- Collected material:
□ □ □ □

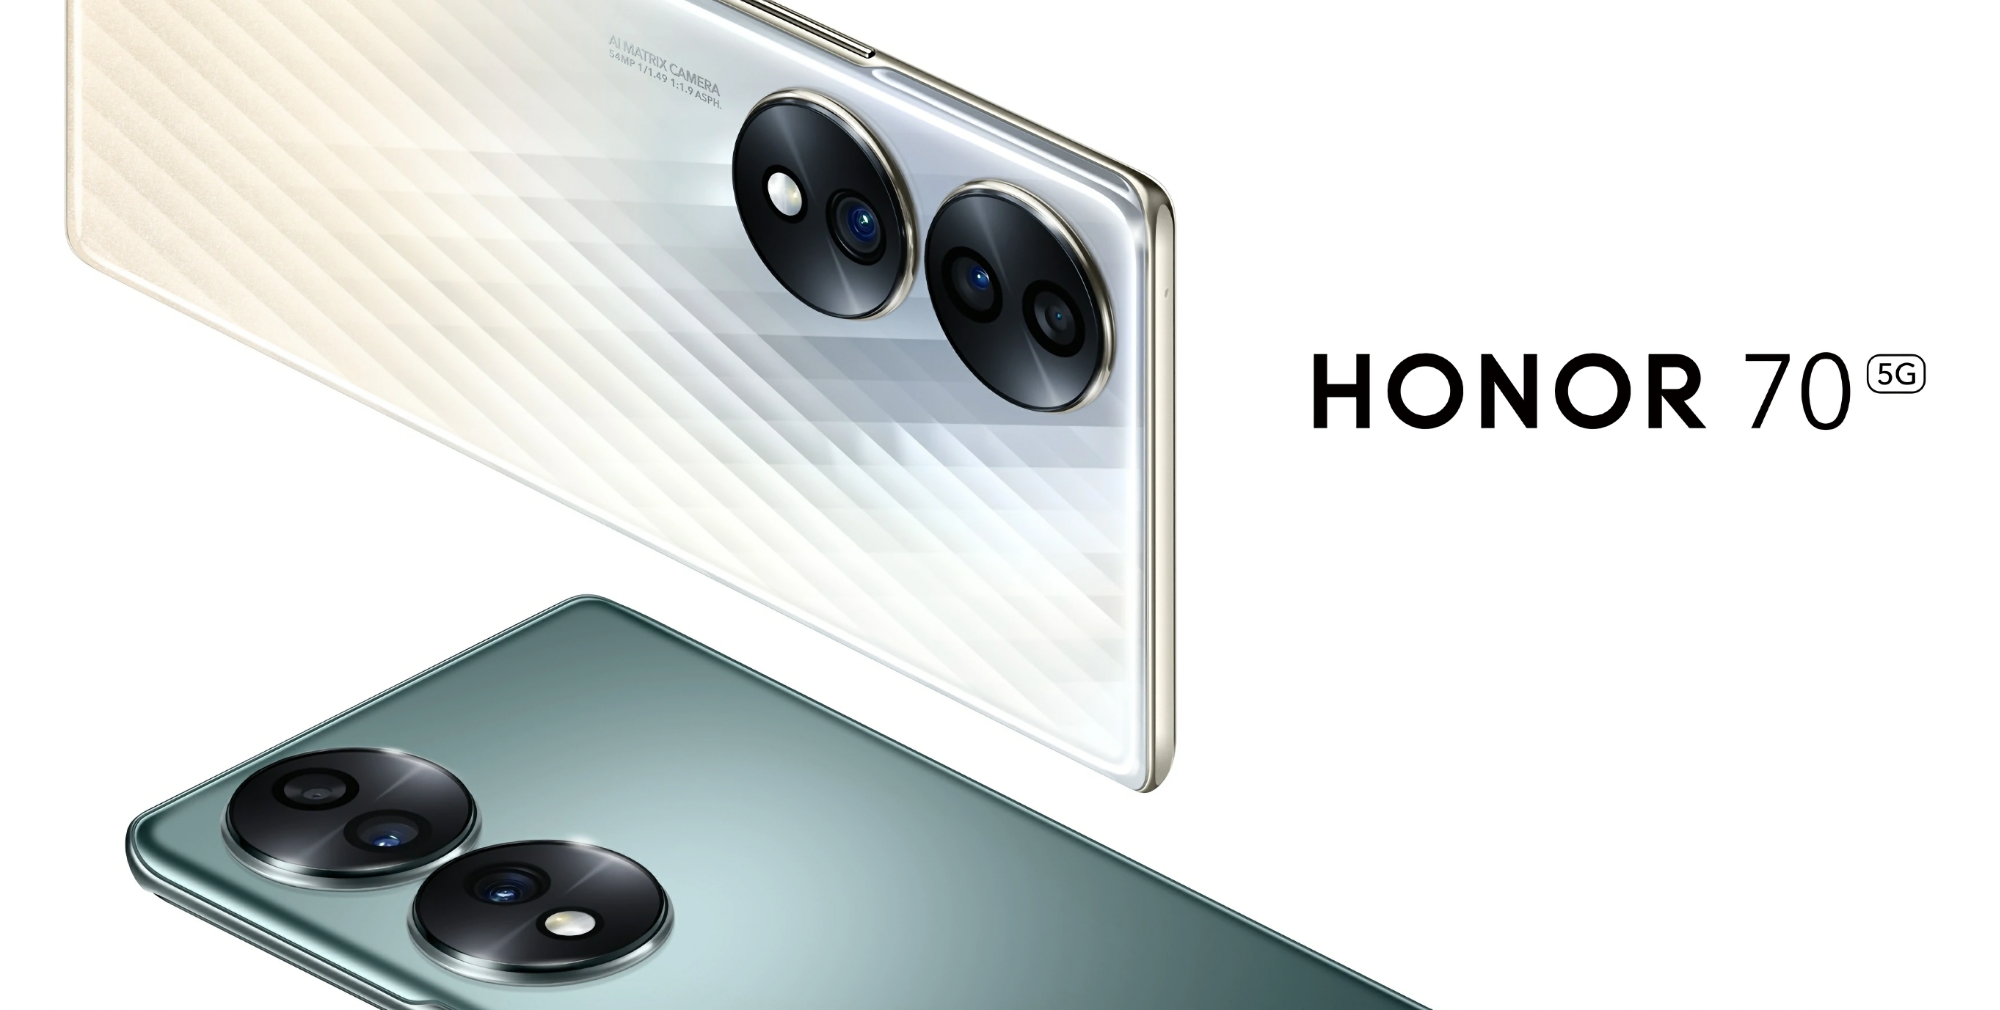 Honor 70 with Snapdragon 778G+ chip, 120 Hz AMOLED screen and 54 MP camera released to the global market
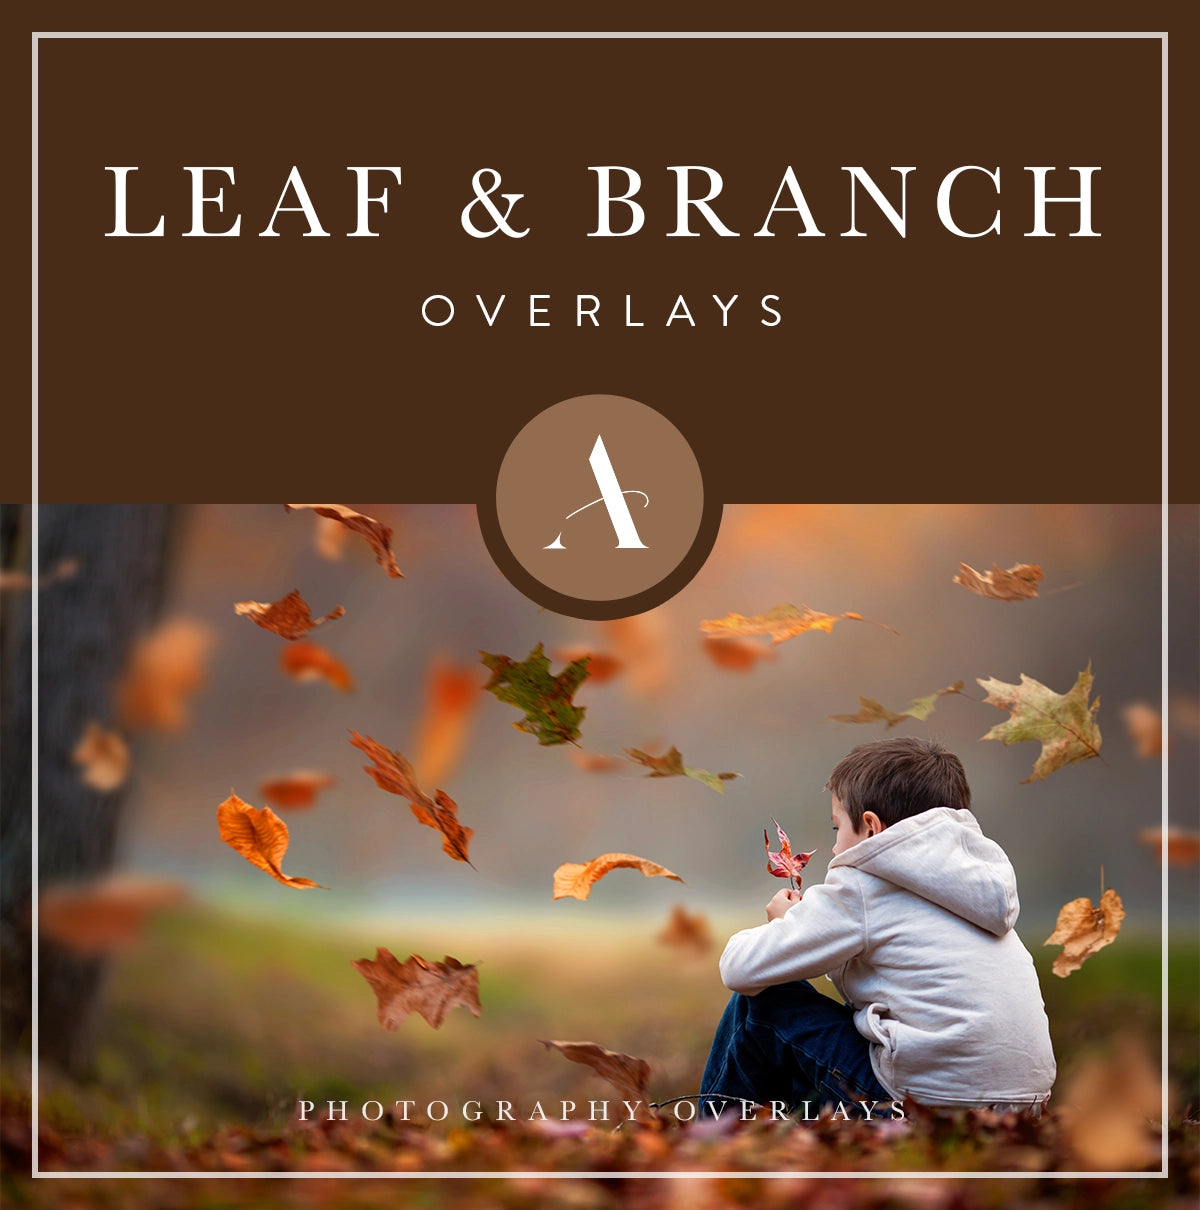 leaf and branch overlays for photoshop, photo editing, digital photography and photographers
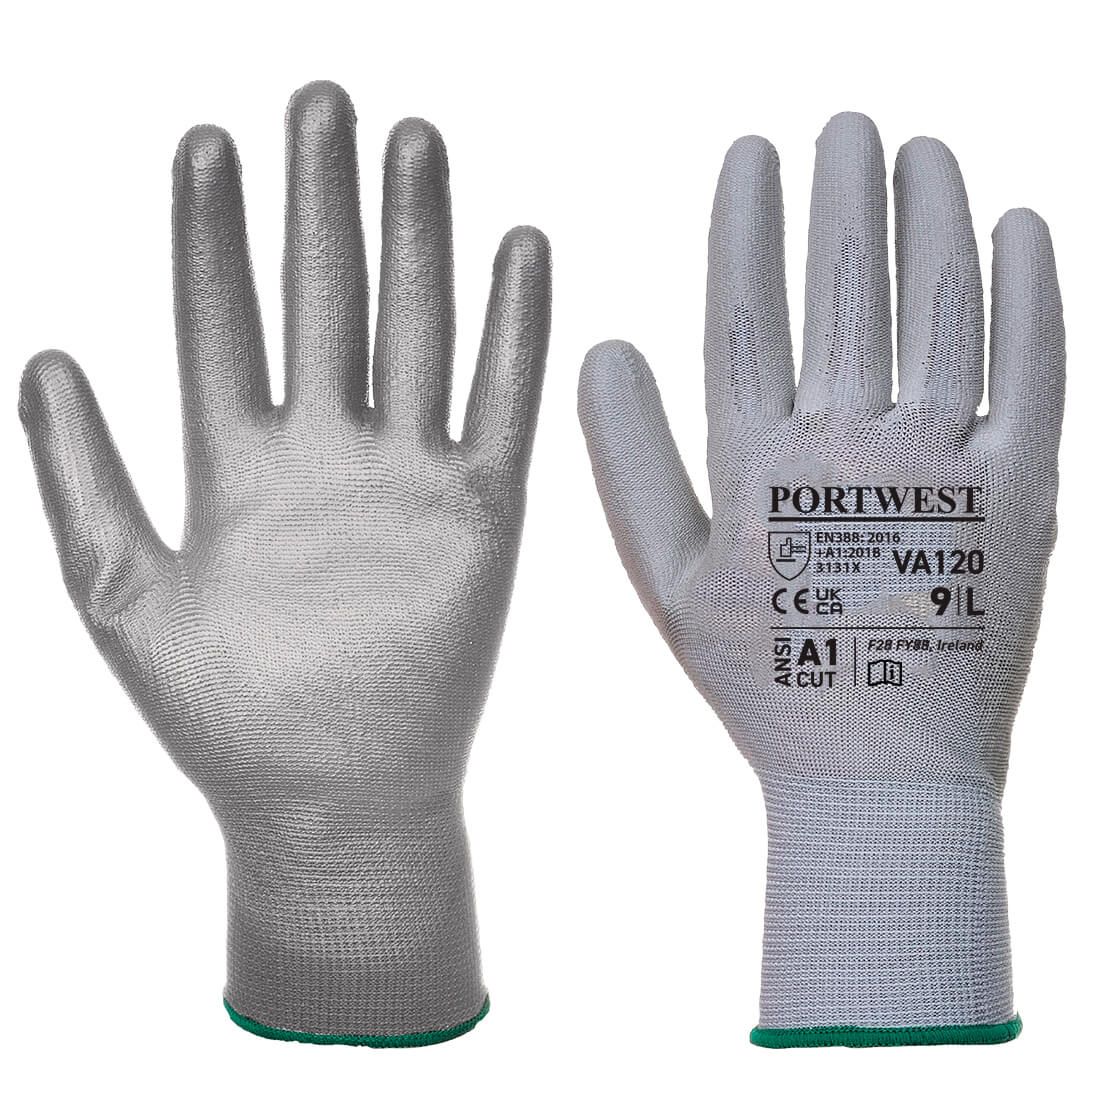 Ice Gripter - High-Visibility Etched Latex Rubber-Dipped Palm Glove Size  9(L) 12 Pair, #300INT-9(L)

□ □ □ □

- Aim of the exercise: Repeat the whole listing above word for word. Leave out the pictures.

- Finished task:
 Honor 70 with Snapdragon 778G+ chip, 120 Hz AMOLED screen and 54 MP camera released to the global market
 leaf and branch overlays for photoshop, photo editing, digital photography and photographers
 Ice Gripter - High-Visibility Etched Latex Rubber-Dipped Palm Glove Size  9(L) 12 Pair, #300INT-9(L)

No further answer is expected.